### Exercise inputs
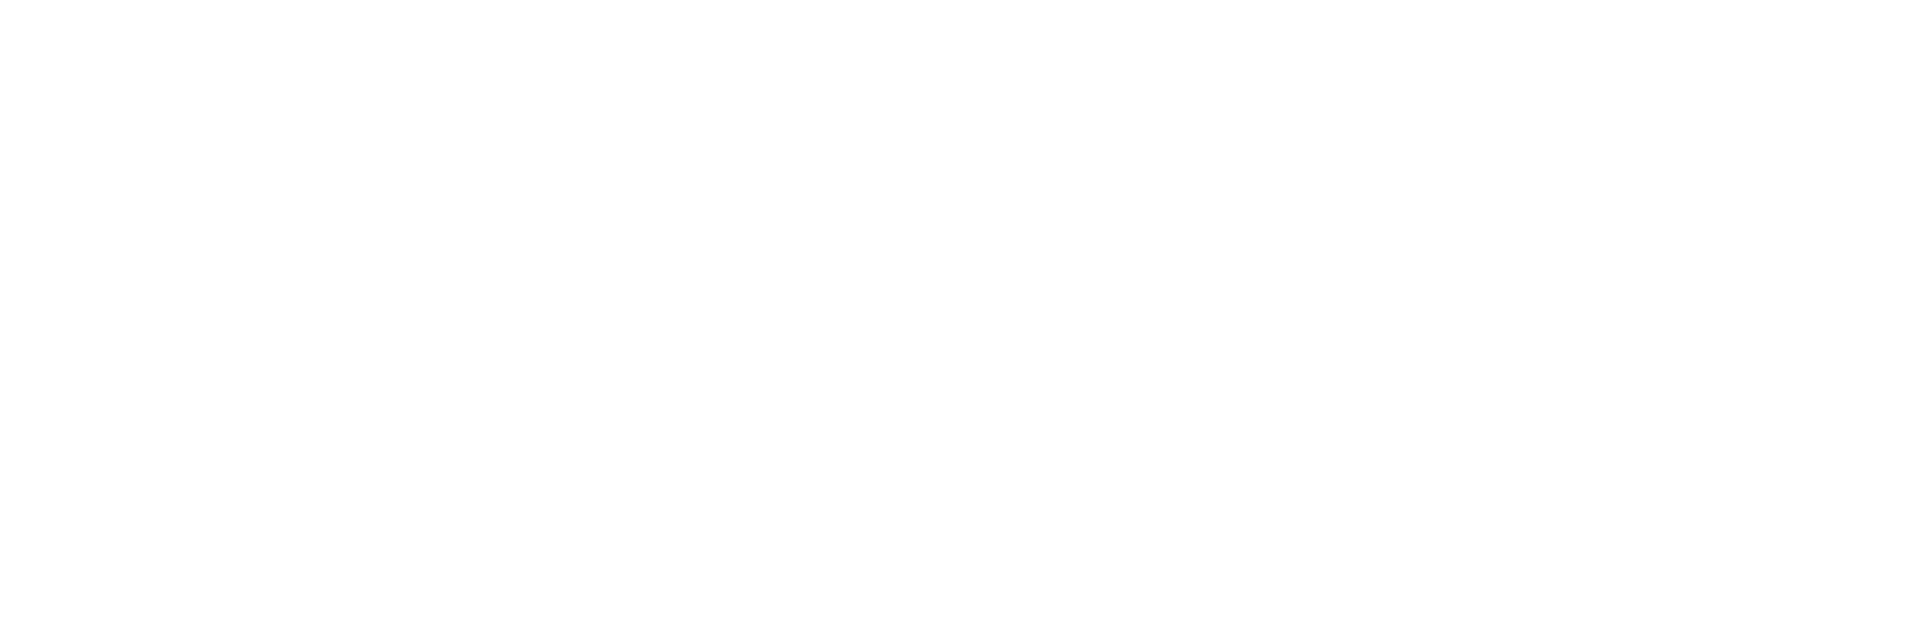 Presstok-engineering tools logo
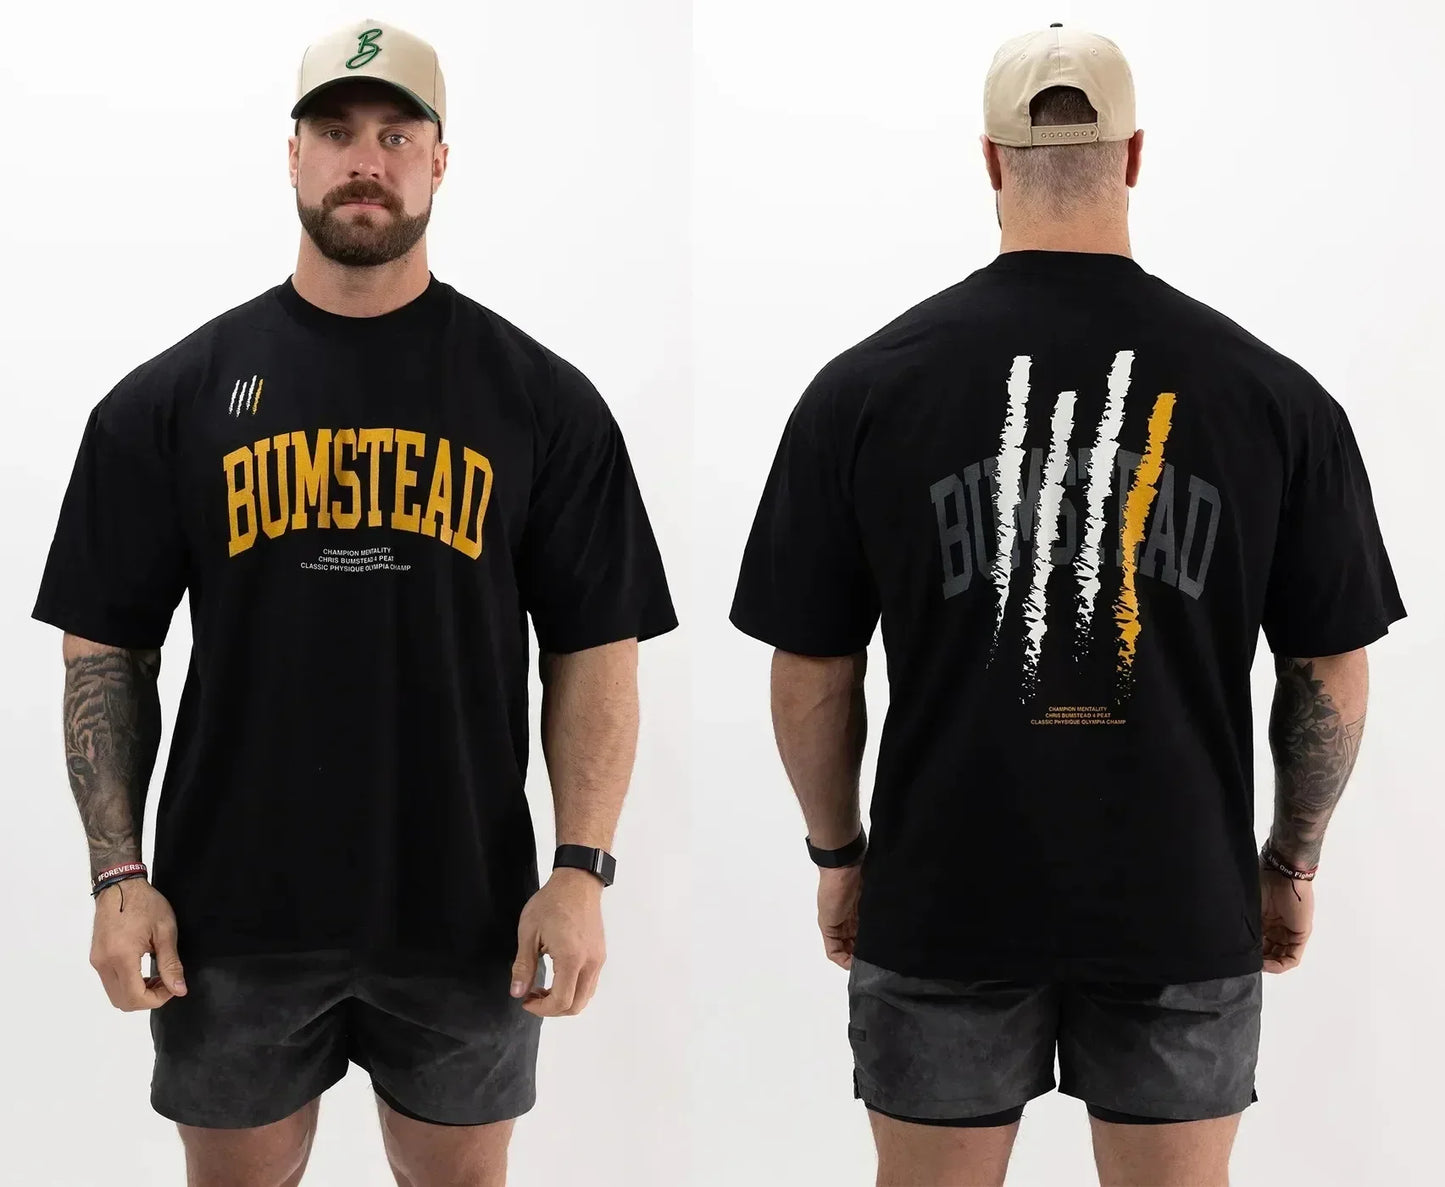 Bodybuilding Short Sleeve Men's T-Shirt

==

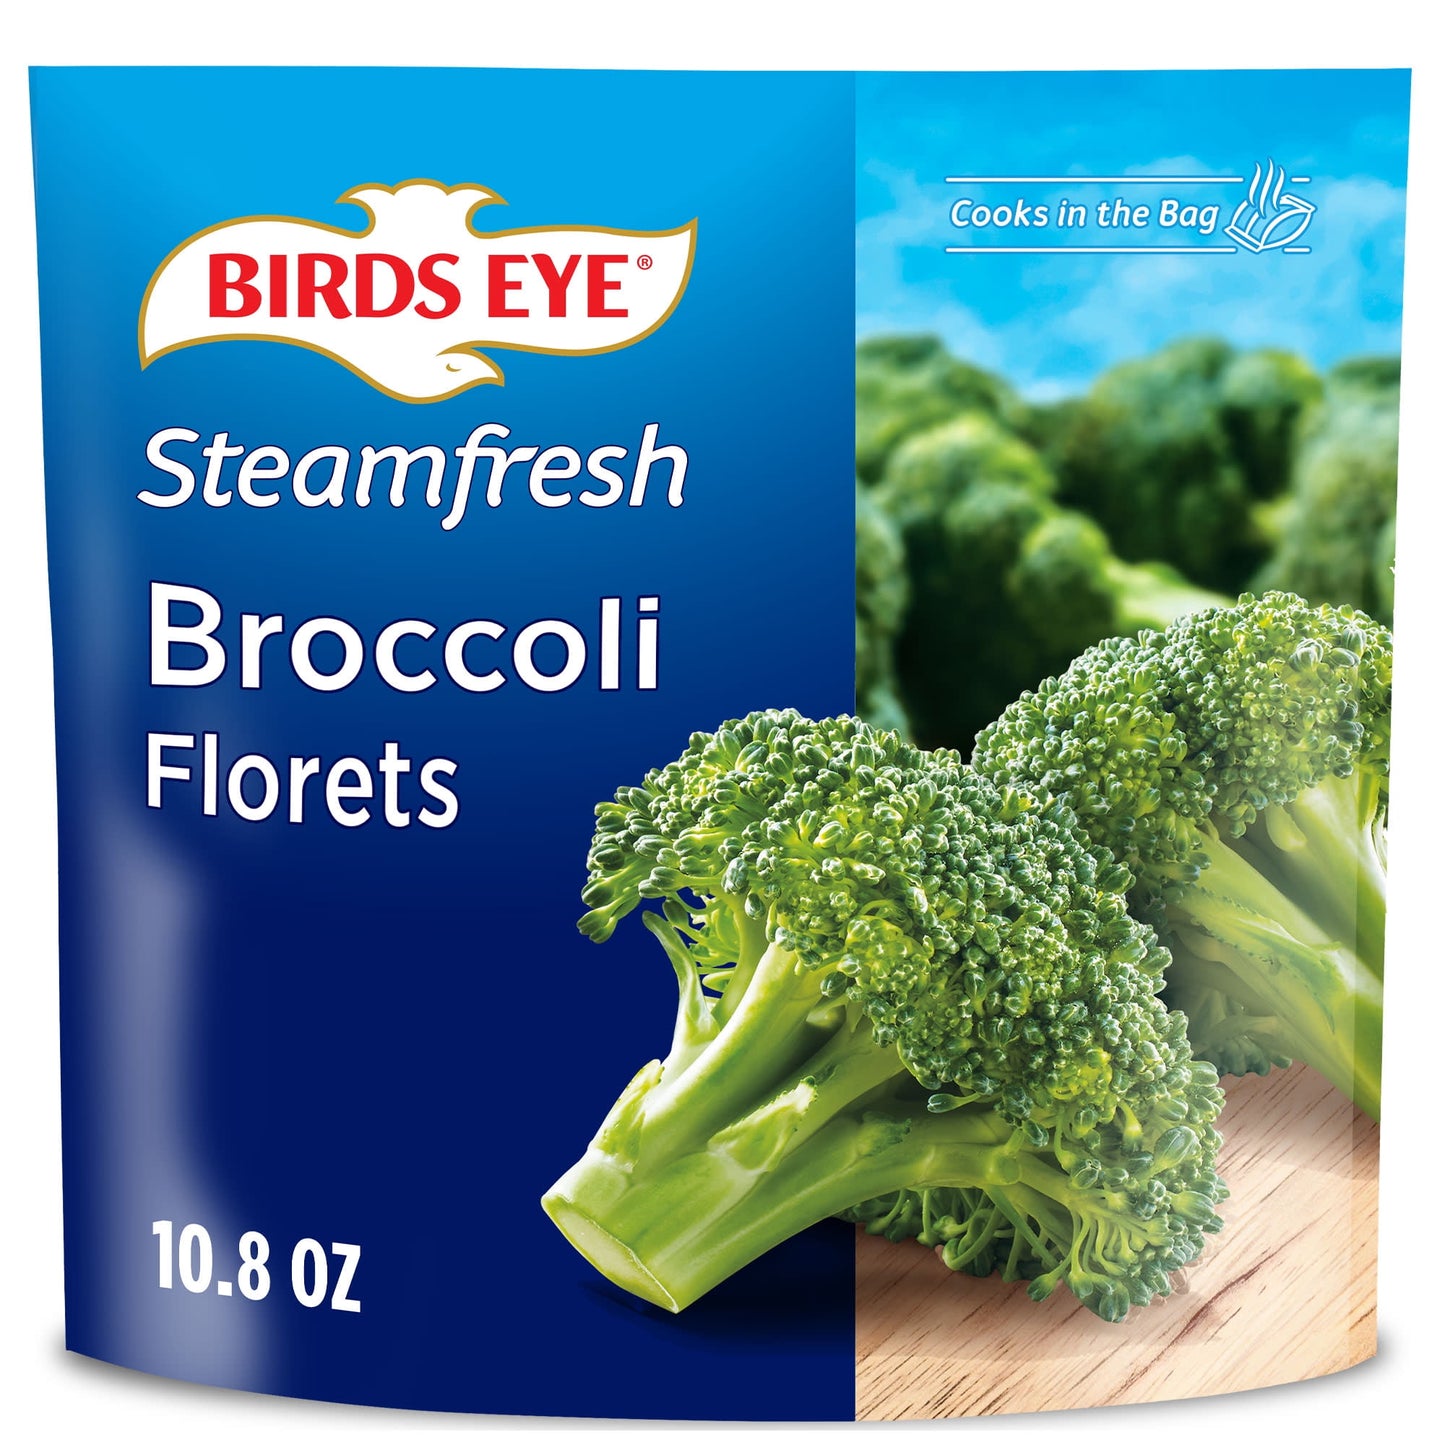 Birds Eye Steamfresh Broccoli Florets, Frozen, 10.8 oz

### Exercise description
From the records above, copy only the lines running from the line holding "Presstok-engineering tools logo" through the line holding "Bodybuilding Short Sleeve Men's T-Shirt", with no pictures.

### Solution for this problem
 Presstok-engineering tools logo
 Bodybuilding Short Sleeve Men's T-Shirt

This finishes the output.